◆ **COLLECTED MATERIAL**:

+++

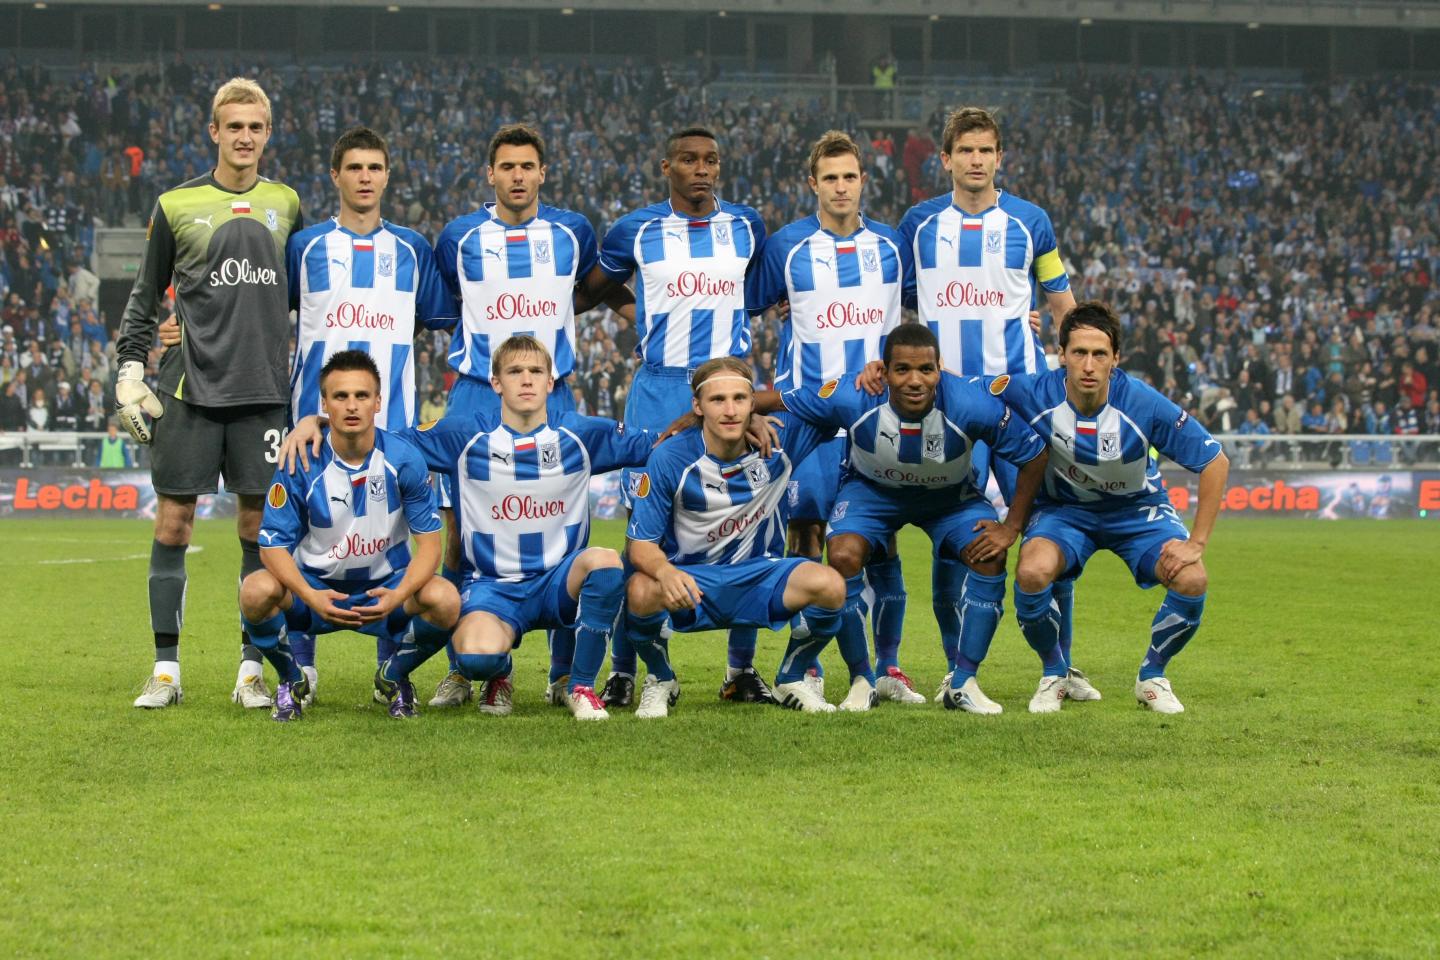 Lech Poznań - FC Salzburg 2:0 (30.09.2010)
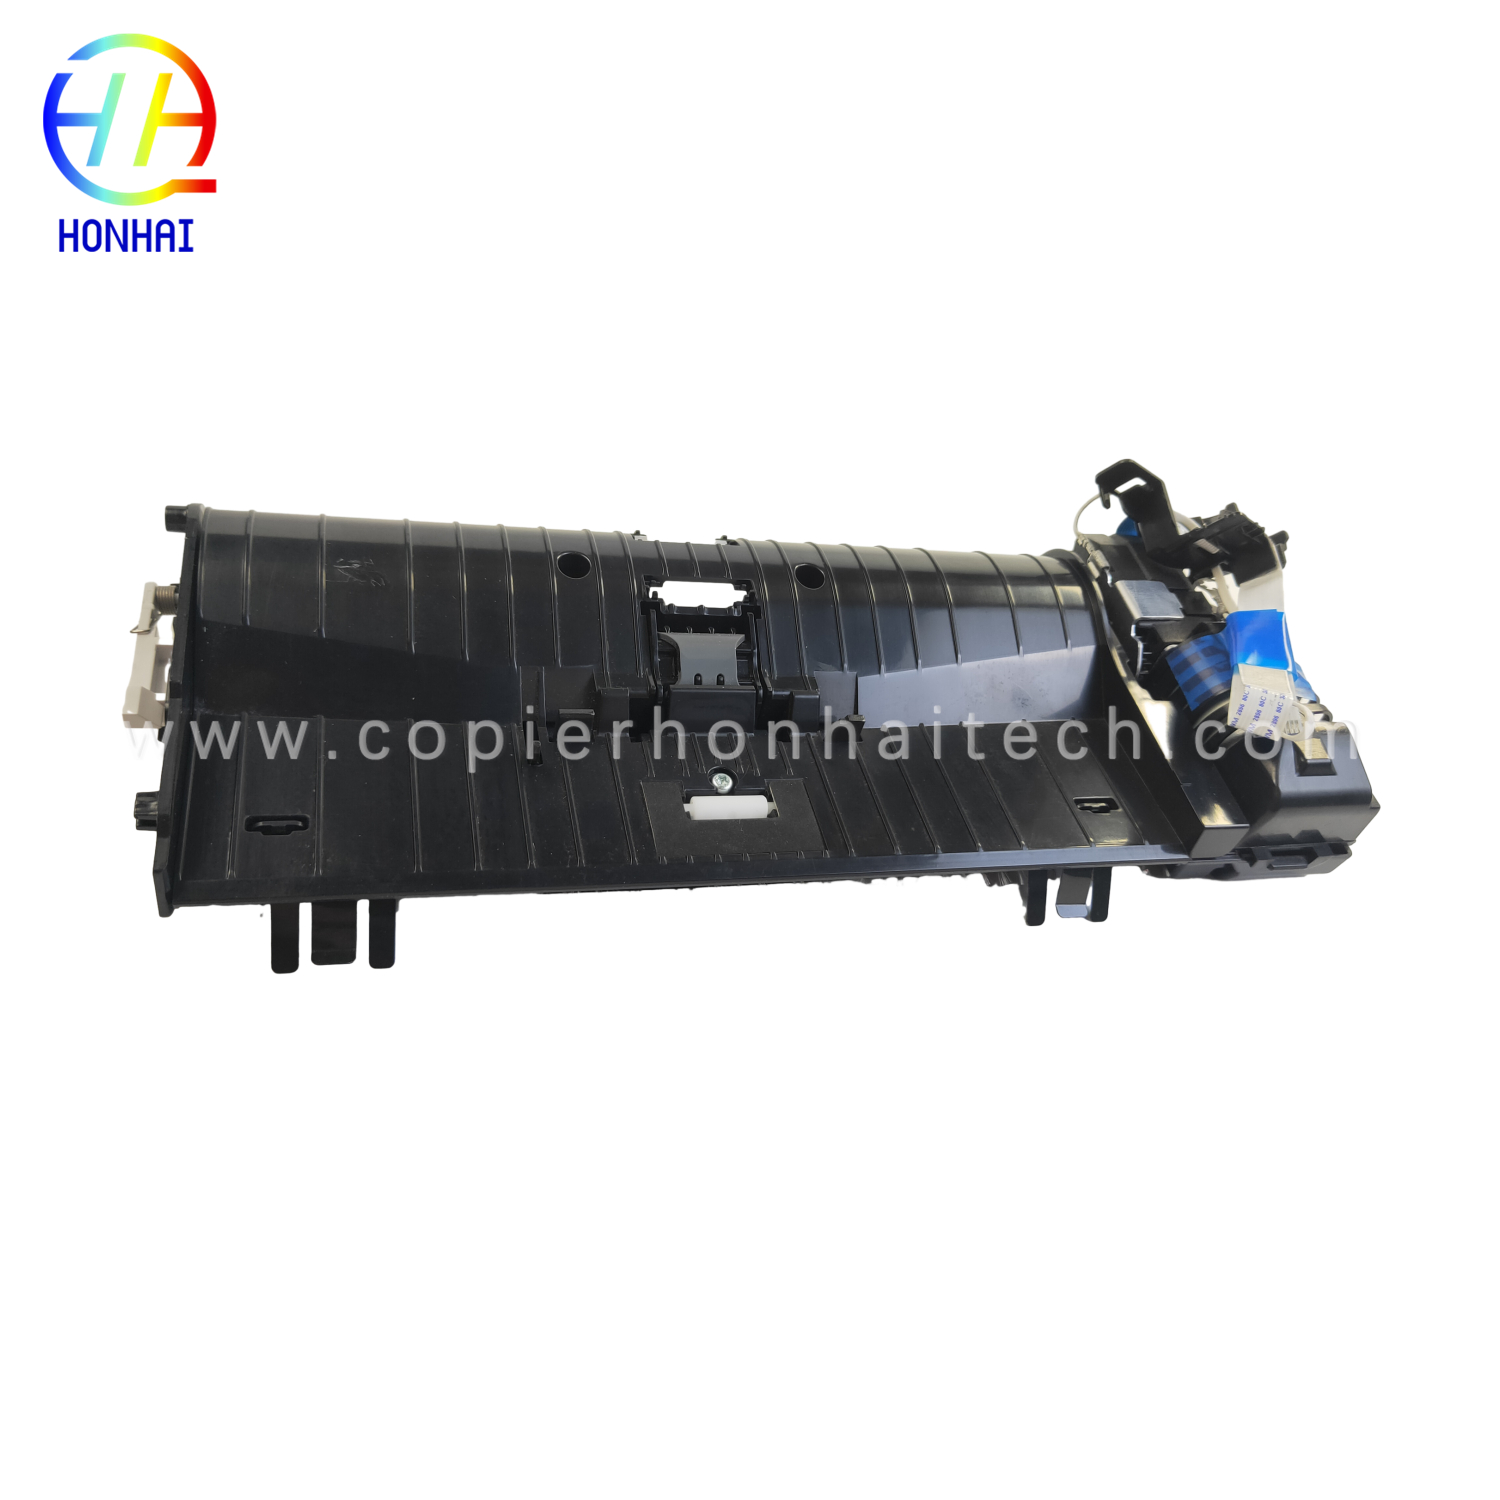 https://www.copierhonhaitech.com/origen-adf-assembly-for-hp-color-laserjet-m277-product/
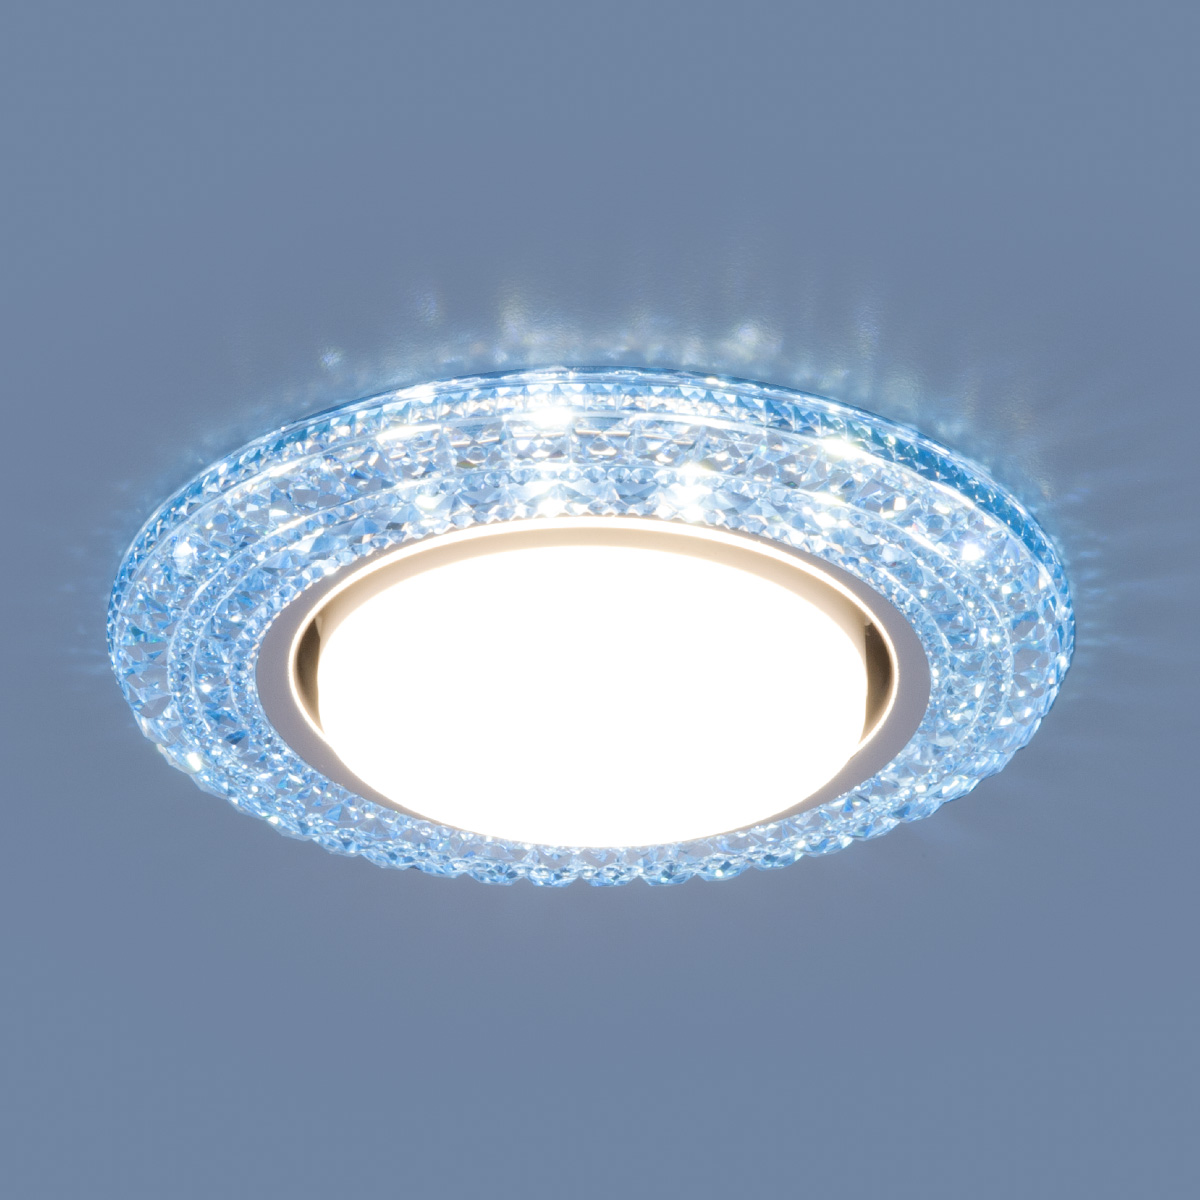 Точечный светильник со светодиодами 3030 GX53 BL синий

+++

◆ **TASK BRIEF**: Would you please copy the material exactly, leaving all the pictures out?

◆ **ANSWER SPACE**:
 Lech Poznań - FC Salzburg 2:0 (30.09.2010)
 https://www.copierhonhaitech.com/origen-adf-assembly-for-hp-color-laserjet-m277-product/
 Точечный светильник со светодиодами 3030 GX53 BL синий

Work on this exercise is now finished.